A Universal Life policy is sometimes referred to as an unbundled Life Policy because the owner can see the interest earned, cost of insurance, and the:
Options:
a) inherent risk b) commission risk c) inflation factor d) expense charges |
The Correct Answer Is:
d) expense charges
Explanation of the correct answer (d) expense charges:
➦ The universal life insurance policy, also known as the unbundled life insurance policy, aims to separate various components of the policy, making it possible for the policyowner to view each of these components separately.
➦ Expense charges are one of the key components that the policyowner is able to see as part of the policy.
➦ The costs associated with administering and maintaining Universal Life policies are reflected in expense charges.
➦ These charges cover the insurer’s marketing, underwriting, policy administration, and agent commissions.
➦ These charges directly affect the policy’s cash value, so the policyowner can see them clearly.
➦ When expenses are deducted from a policy’s cash value, they reduce the amount of money available for investment, affecting its performance and growth.
➦ To understand the impact of these charges and to be aware of changes in the underlying investment, policyowners should carefully review their policies.
➦ It is also important for policyowners to consult their financial advisor about possible strategies for reducing these charges.
Now, let’s explain why the other options are not correct:
a) Inherent risk:
➦ The inherent risk of Universal Life policies refers to the inherent risk associated with the underlying investments or sub-accounts within the policy.
➦ Although policy owners have control over how they allocate their cash value among different investment options, inherent risk is not usually a component that is explicitly highlighted to the policyowner.
➦ Generally, it is based on the performance of the chosen investments and the market risks that are associated with them.
b) Commission risk:
➦ A commission risk is a risk in which the insurance agent or advisor may earn money from the sale of a policy as a result of it.
➦ It is important to note that commissions are an important part of selling insurance policies.
➦ However, in a Universal Life policy, commissions are not normally itemized or clearly visible to the policyholder.
➦ Commissions are generally paid by the insurance company from their earnings, not by the policyholder.
c) Inflation factor:
➦ Universal Life policies do not typically disclose the inflation factor to the policyholder or unbundled it.
➦ It is important to note that inflation, although it is a broader economic factor that impacts the value of money over time, is not a line item a policyowner can view separately.

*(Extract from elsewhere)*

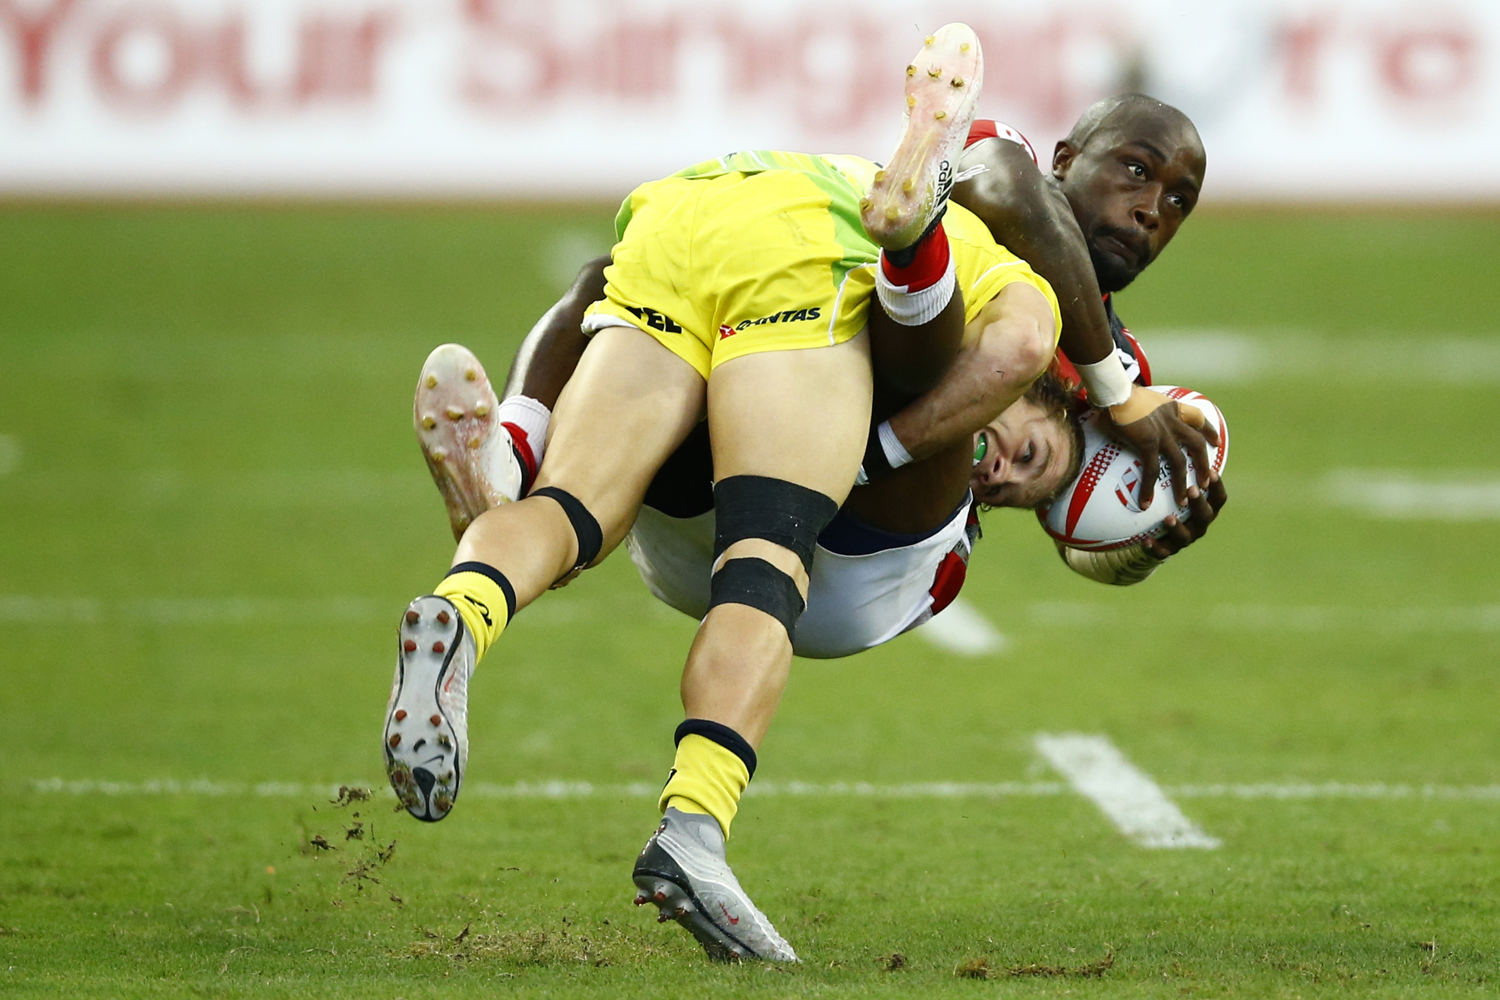  Rugby Union - Singapore Sevens - National Stadium, Singapore, 15/04/17 - Kenya's Frank Wanyama is tackled by Australia's Tom Lucas. REUTERS/Yong Teck Lim 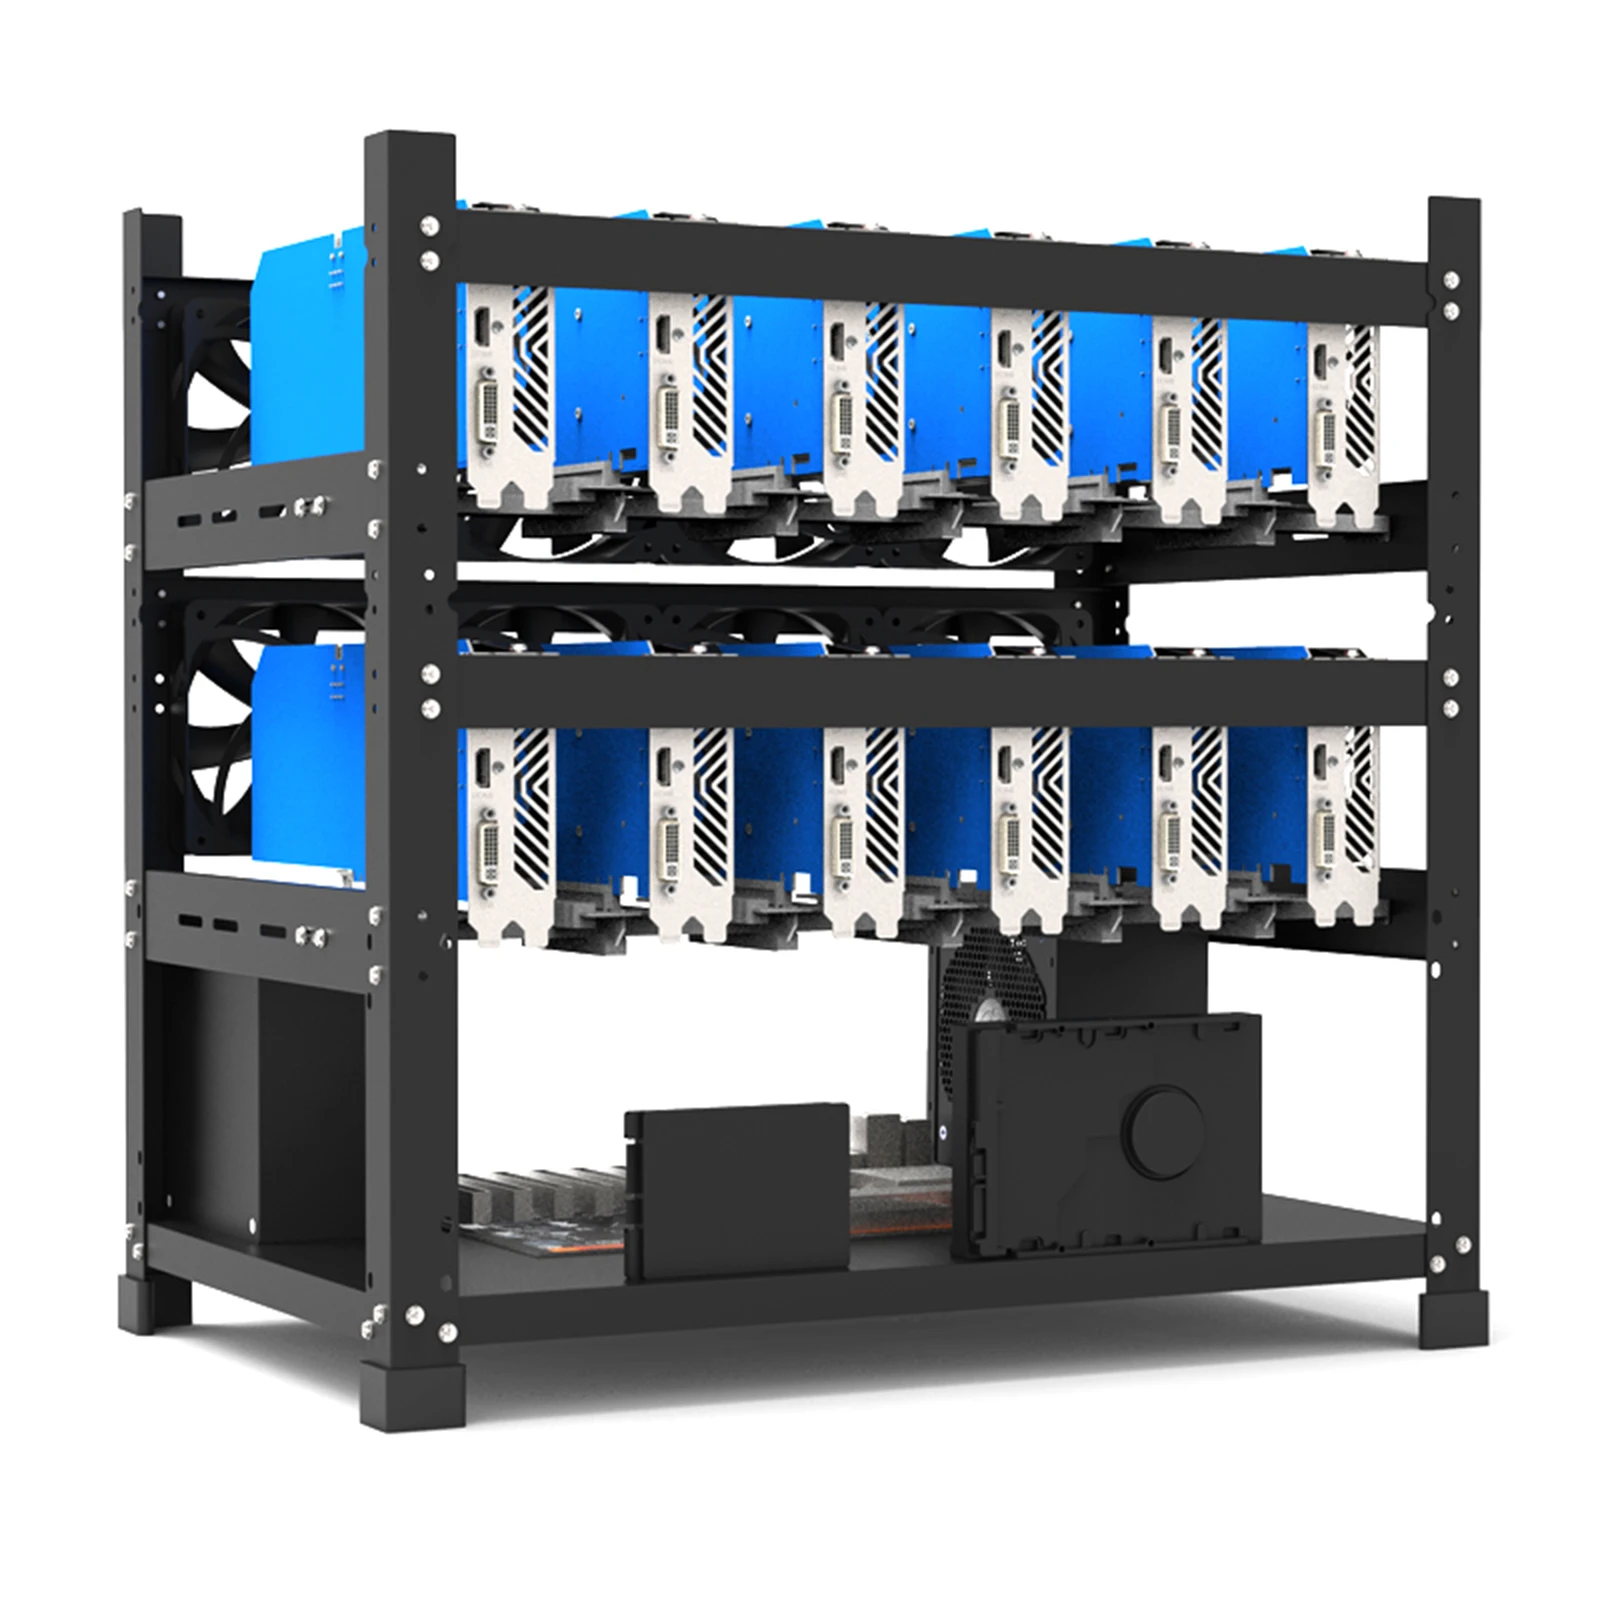 Dastrues Open Mining Rig Frame for 12 GPU Mining Case Rack Motherboard Bracket ETH/ETC/ZEC Ether Accessory Tool 3 Layers

➦ Inflation is a broader economic factor that impacts the value of money over time.
Conclusion:
➦ In summary, a Universal Life policy is referred to as an unbundled policy because it breaks down various components for transparency, and expense charges are one of these components that the policyowner can easily see, so that is why it is called an unbundled policy.
➦ Several of the other options (a) inherent risk, (b) commission risk, and (c) inflation factor are not usually itemized or separately visible in a policy, making them incorrect choices.